3. Respectful Rate Limiting

import asyncio, random

async def human_delay(min_s=1.5, max_s=4.0):
    """Mimics human reading time between requests."""
    await asyncio.sleep(random.uniform(min_s, max_s))

# For heavier sites, add jitter based on page complexity
async def adaptive_delay(page_text_len: int):
    base = 1.5 + (page_text_len / 10000)  # longer pages = longer "read" time
    await asyncio.sleep(min(base, 5.0))

Real-World Results

On a B2B directory scraping project:

  • 2.4 million records extracted over 6 days
  • 99.2% success rate with checkpoint/resume
  • $47 total proxy cost for the full run
  • Zero manual intervention after initial launch
  • Client had been paying a data vendor $800/month for a fraction of this data

When to Use Agentic vs Traditional

ScenarioBest Approach
Static HTML, stable structureTraditional (BeautifulSoup)
JavaScript-heavy, stable structurePlaywright + selectors
Frequently changing layoutAgentic (LLM extraction)
Millions of records, long-runningAgentic + checkpointing
Novel pages, unknown structureAgentic (only option)

Frequently Asked Questions

Is web scraping legal?

Legality varies by jurisdiction and the site's Terms of Service. Always check robots.txt, respect rate limits, and only collect publicly available data. I build scrapers that target publicly accessible data and are designed to avoid overloading target servers.

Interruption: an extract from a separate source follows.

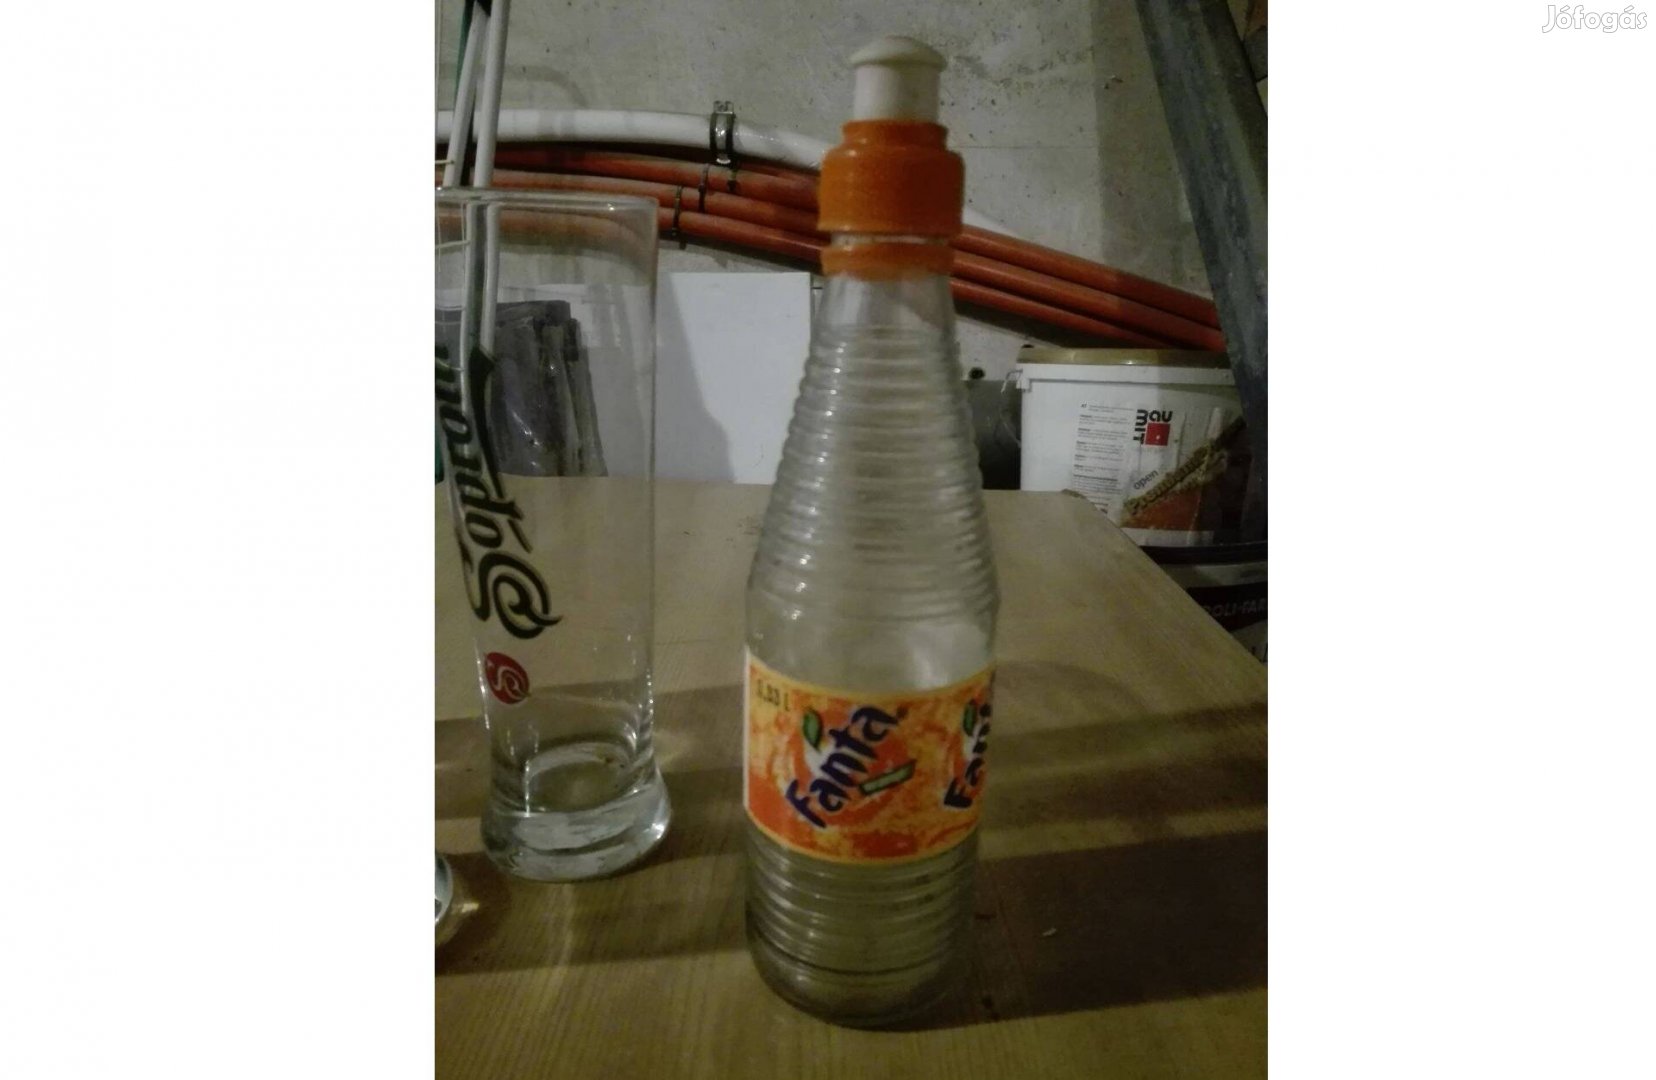 Soproni söröspohár és eredeti üveg Fanta üveg

Which LLM works best for extraction?

Claude 3.5 Sonnet for accuracy-critical extraction. GPT-4o-mini for high-volume cost efficiency. For structured extraction with a clear Pydantic schema, both perform similarly — the schema does most of the work.

How do you handle CAPTCHAs?

For human-solvable CAPTCHAs I use 2captcha or anti-captcha API integrations. For Cloudflare Turnstile, undetected-chromedriver + proper browser fingerprinting handles most cases. Some targets are simply not worth the engineering effort.

Can this run on a cheap VPS?

Yes. Small jobs run fine on a $6/month VPS. For large distributed scrapes I use Celery + Redis for task queuing, with multiple workers spread across different IP ranges.